A livello internazionale, anche l’ex presidente boliviano Evo Morales ha fatto riferimento a quanto accaduto ed ha condannato l’aggressione: “La Patria Grande è con te sorella. La destra criminale e servile all’imperialismo non passerà. Il popolo libero e degno dell’Argentina la sconfiggerà”, ha detto dal suo account Twitter.

“Ripudiamo con forza l’attacco alla vita della sorella Cristina Fernández, vicepresidente dell’Argentina”, ha detto il presidente dello Stato Plurinazionale della Bolivia Luis Arce. “Inviamo tutto il nostro sostegno, a lei, alla sua famiglia, al governo e al popolo argentino”, ha aggiunto.

“Da Cuba, costernati dal tentativo di omicidio di Cristina Fernández, abbiamo trasferito tutta la nostra solidarietà alla vicepresidente, al governo e al popolo argentino”, ha twittato il presidente di Cuba, Miguel Díaz-Canel.

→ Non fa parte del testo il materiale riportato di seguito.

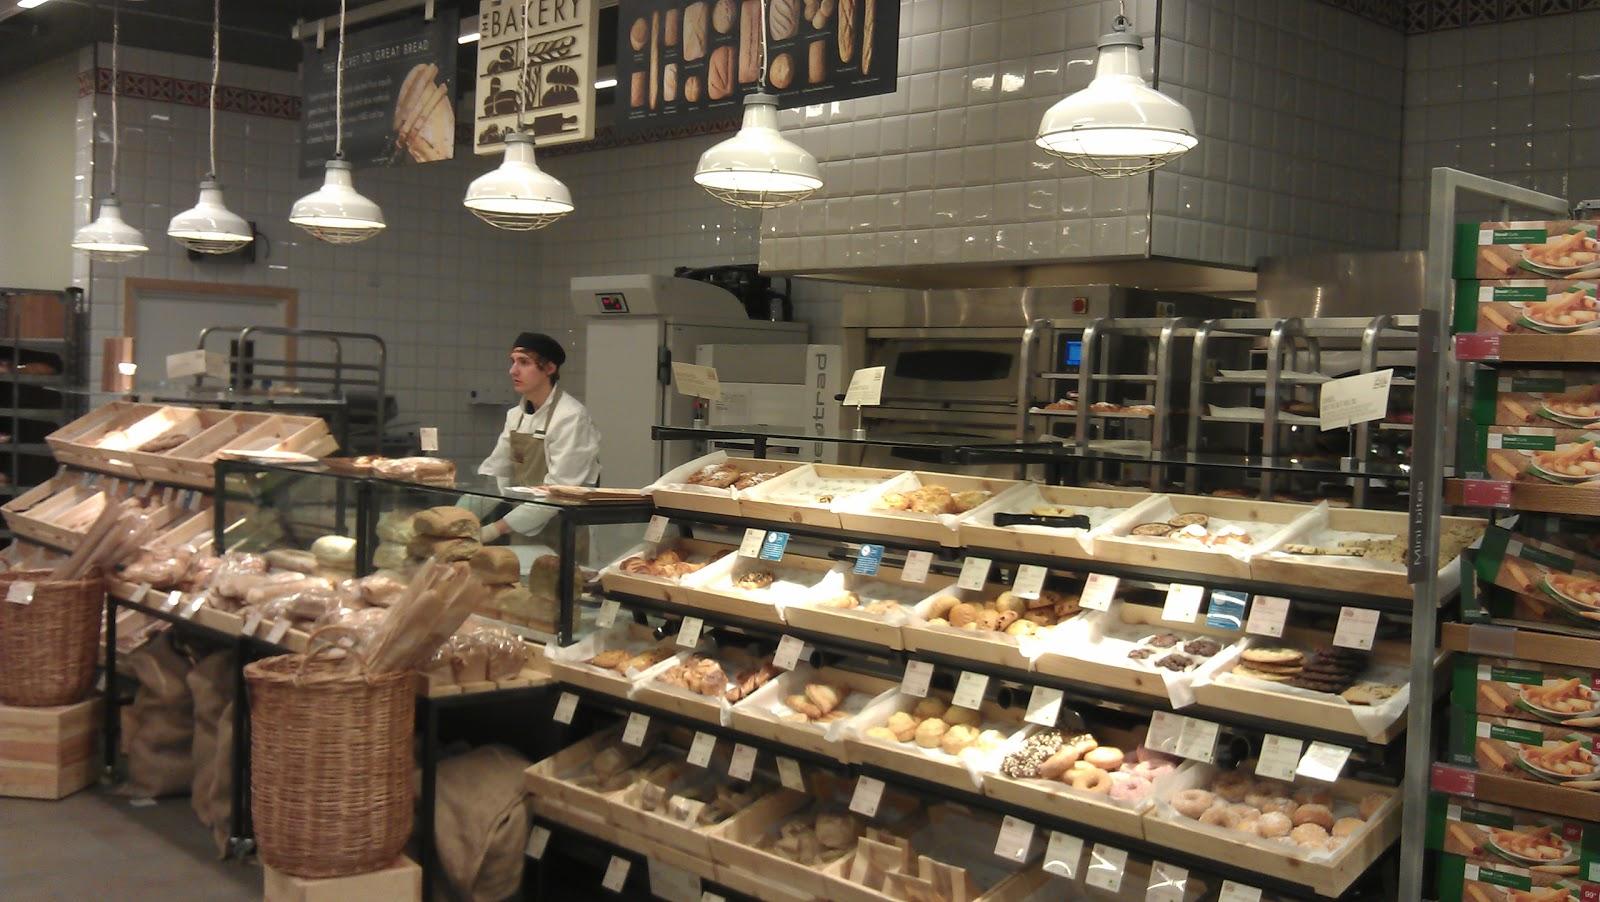 Great Cafes: Supermarket Bakeries
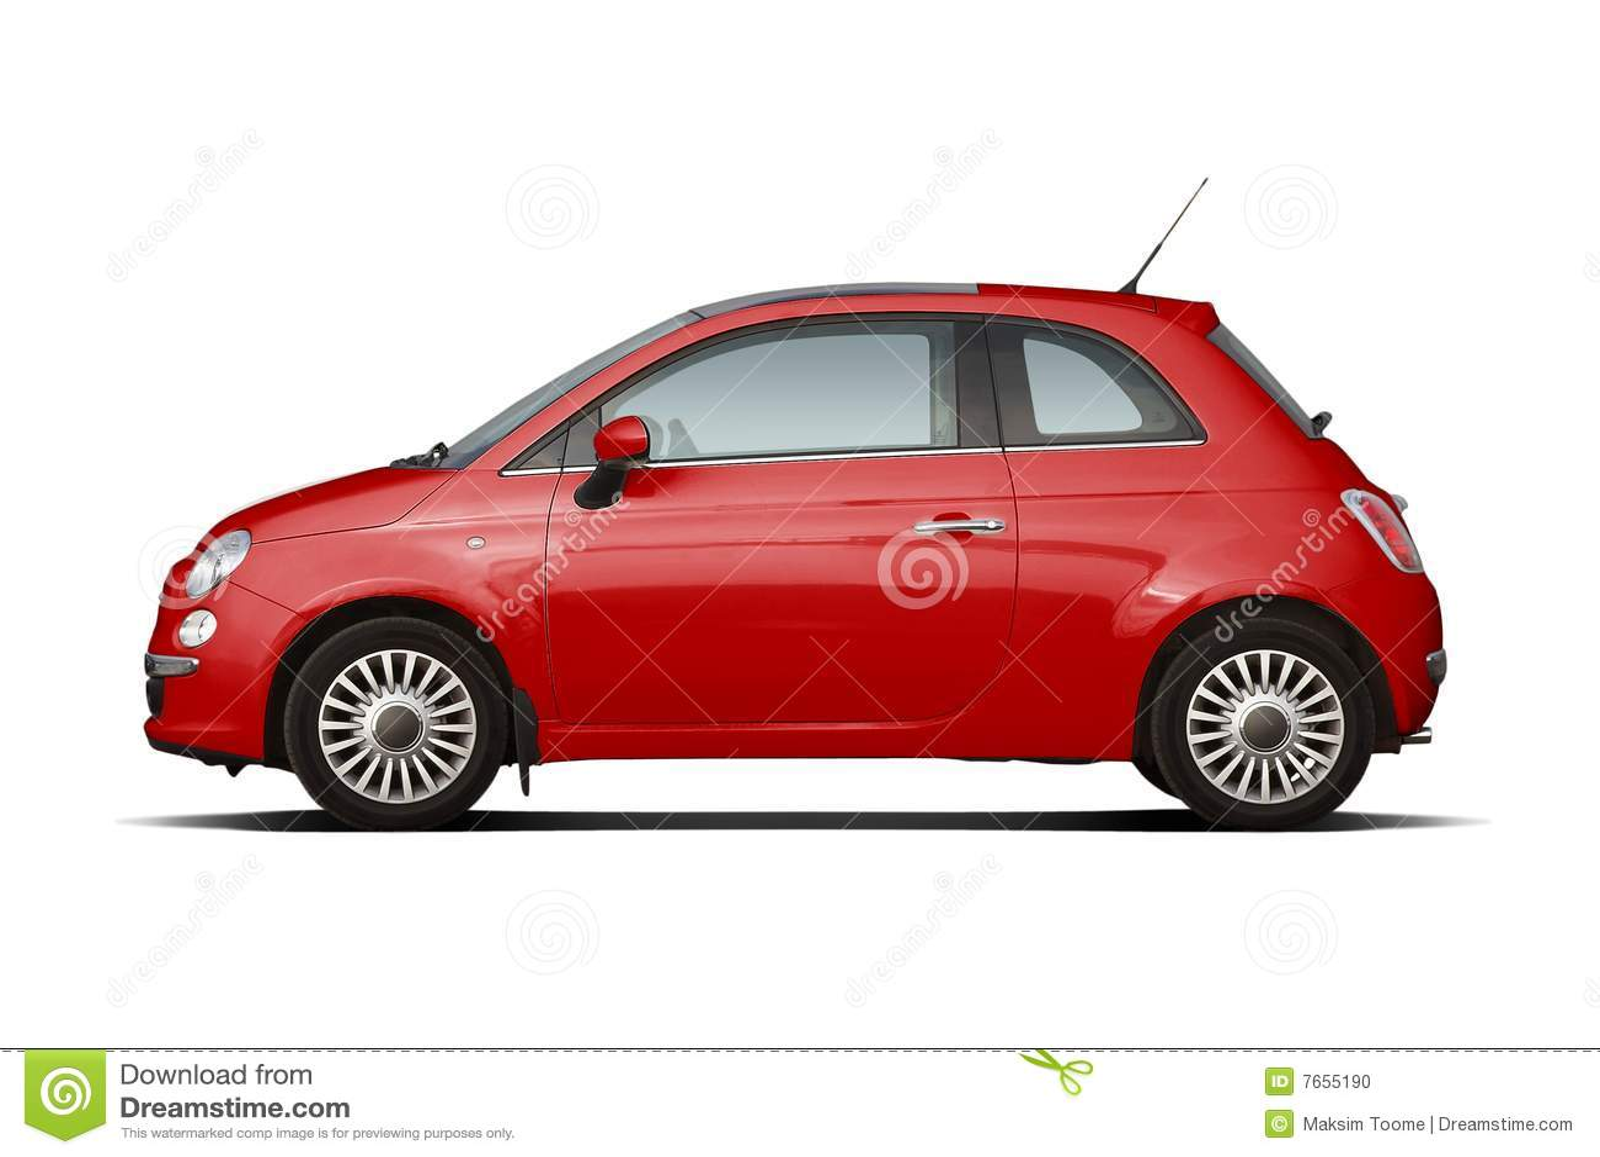 red compact hatchback stock photo image 7655190. Black Bedroom Furniture Sets. Home Design Ideas

Dal Venezuela Nicolás Maduro ha pubblicato un messaggio subito dopo quanto è successo: “Ripudiamo vigorosamente questa azione che cerca di destabilizzare la pace del fratello popolo argentino. La Patria Grande è con te compagna!”. 

Da parte sua il presidente cileno Gabriel Boric ha dichiarato che il tentativo di omicidio della vicepresidente argentina “merita il ripudio e la condanna di tutto il continente”. “La mia solidarietà a lei, al governo ed al popolo argentino. La strada sarà sempre il dibattito di idee e il dialogo, mai le armi o la violenza”, ha twittato.

L’ex presidente del Brasile tra il 2003 e il 2013, Luiz Inácio Lula da Silva, ha affermato che “grazie a Dio” la vicepresidente dell’Argentina è uscita illesa dall’attacco perpetrato da un “criminale fascista”. Allo stesso modo, ha chiesto che sull’autore di esso cada tutto il peso della legge.

Marc R. Stanley, attuale ambasciatore degli Stati Uniti in Argentina, ha assicurato che sono sollevati di sapere che Cristina Kirchner sta bene. “Gli Stati Uniti si uniscono all’Argentina e a tutte le persone pacifiche nel rifiuto della violenza, dell’estremismo e dell’odio ovunque”, ha scritto il diplomatico sul suo account ufficiale di Twitter.

Il Senato argentino ha ripudiato quanto avvenuto e ha chiesto di chiarire le circostanze del tentativo di omicidio della politica.

“Il Senato della Nazione ripudia energicamente   il tentativo di magnicidio contro la vicepresidente Cristina Fernández de Kirchner”, ha twittato il senatore Pablo Daniel Blanco. “Inoltre manifestiamo la nostra assoluta solidarietà con la signora vicepresidente e la sua famiglia. E chiediamo il rapido e completo chiarimento di questo fatto pietoso”, conclude il messaggio.